Contemporary Queer and Feminist Writing
(Panel)William Brubacher (Université de Montréal)
Katrina Kaustinen (University of Montréal)
Considering recent literary and critical trends, this panel aims to provide a space for scholarship on the evolving role of feminist and queer writing in relation to contemporary political and social issues. In a context where decades of political gains by queer and feminist activists have been accompanied by constant backlash from various conservative political groups, it seems increasingly pressing to emphasize intersections between queer and feminist modes of thinking about identity, sex, sexuality, and binary understandings of gender. From the formative intersectional work of the periodical Tessera and Sto:lo writer Lee Maracle’s ground-breaking I am Woman, to the contemporary Nishnaabeg perspectives on Indigenous queerness of Leanne Betasamosake Simpson and Cree writer Billy Ray Belcourt’s poetic work on queer and Indigenous bodies, questions of futurity, agency, aesthetics, and solidarity have animated a wide range of queer and feminist writing within and across cultural and national borders in North America. This panel encourages reflections on how queer thinking informs the work of feminist writers, and, conversely, how feminism informs queer epistemologies. We are especially interested in examining how feminist and queer writers position themselves in relation to their predecessors and contemporaries through interdisciplinary, intersectional, and intertextual approaches. For instance, we aim to trace how previously silenced writers exert resilience through their resistance to erasure despite ongoing and persistent threats to their sexual and political agency.
This panel welcomes scholars working on such questions as: How can the works of feminist or queer writers navigate backlash and the rolling back of acquired rights? What solidarities exist across different literary and critical movements ? What specificities exist in feminist and/or queer approaches to textuality, spatiality, temporality, and affect? How do these approaches relate to issues of colonialism, nationalism, bodily autonomy, and gendered and racialized violence in North America?
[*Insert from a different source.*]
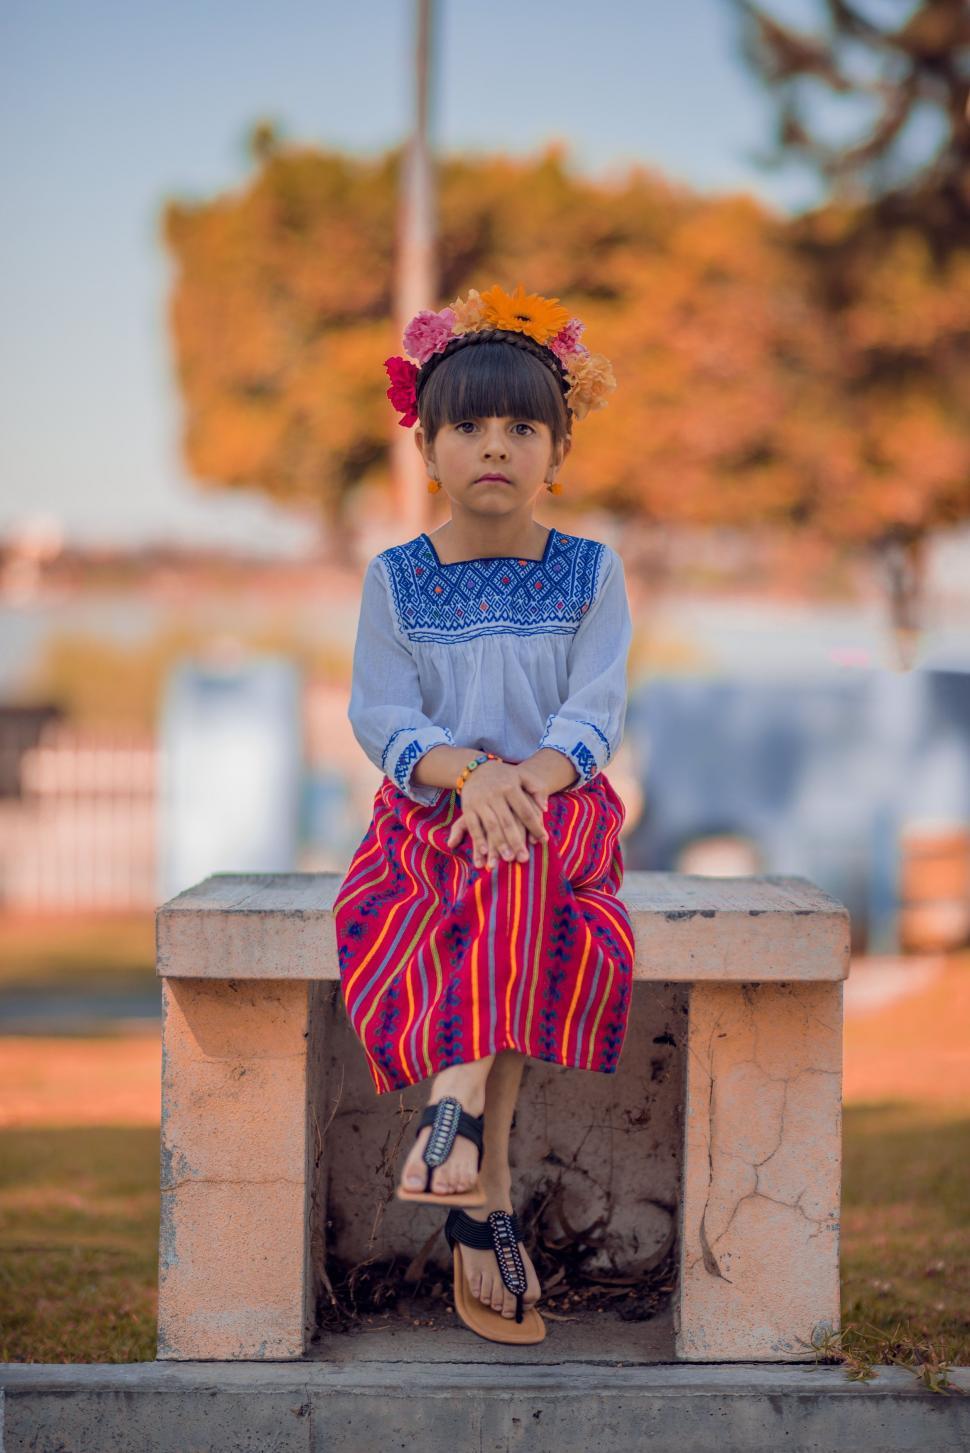 Free Image of Little Girl Sitting on Top of Cement Bench

This panel features reflections on contemporary queer and feminist writing, with a specific interest in solidarities, lineages, and affiliations across various political, physical, cultural, and textual borders. How do feminist and queer writers from different backgrounds position themselves and their writing practices in relation to their predecessors and contemporaries through interdisciplinary, intersectional, and intertextual approaches?